Exercise goal:
Below are lines of data, and only some are wanted. Please repeat exactly those from the line that has "Luxury 5 star hotel Premium Room" through the line that has "Nike SB Packable".

Data to process:

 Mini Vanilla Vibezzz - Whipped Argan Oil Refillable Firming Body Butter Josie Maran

--

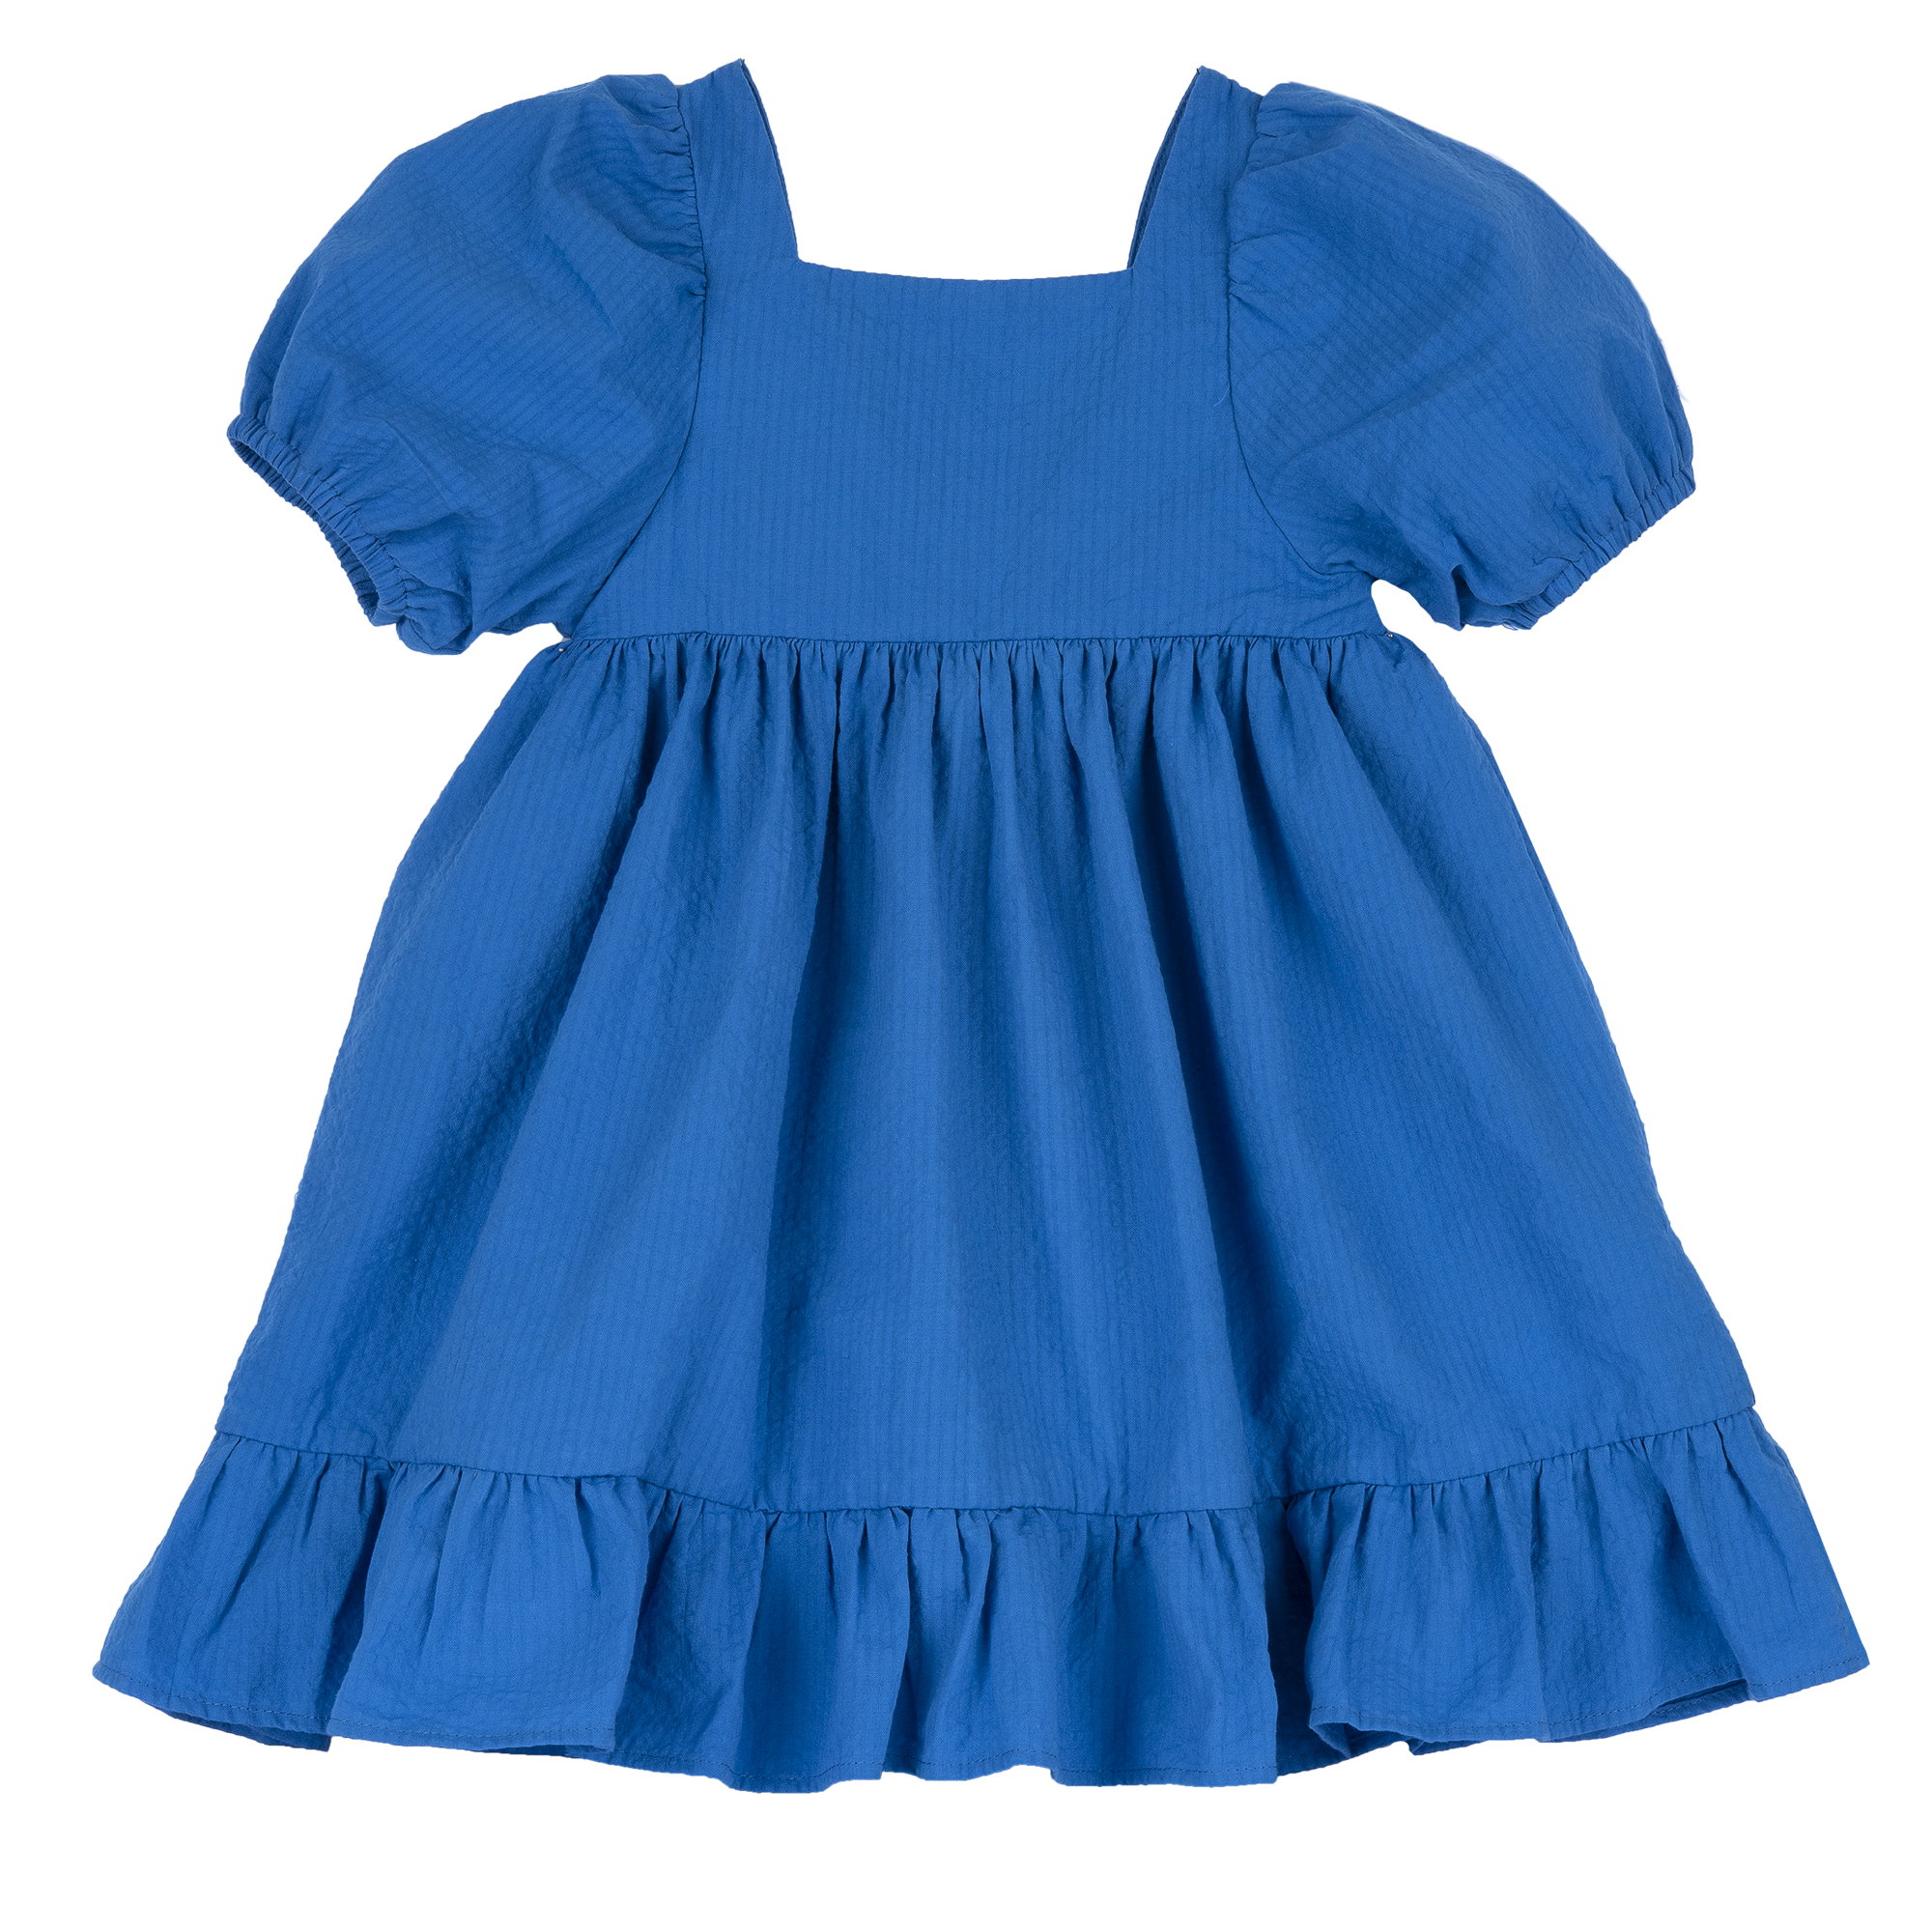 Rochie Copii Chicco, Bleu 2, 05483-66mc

* * *

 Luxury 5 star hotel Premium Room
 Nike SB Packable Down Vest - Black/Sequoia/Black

Your response:
 Luxury 5 star hotel Premium Room
 Nike SB Packable Down Vest - Black/Sequoia/Black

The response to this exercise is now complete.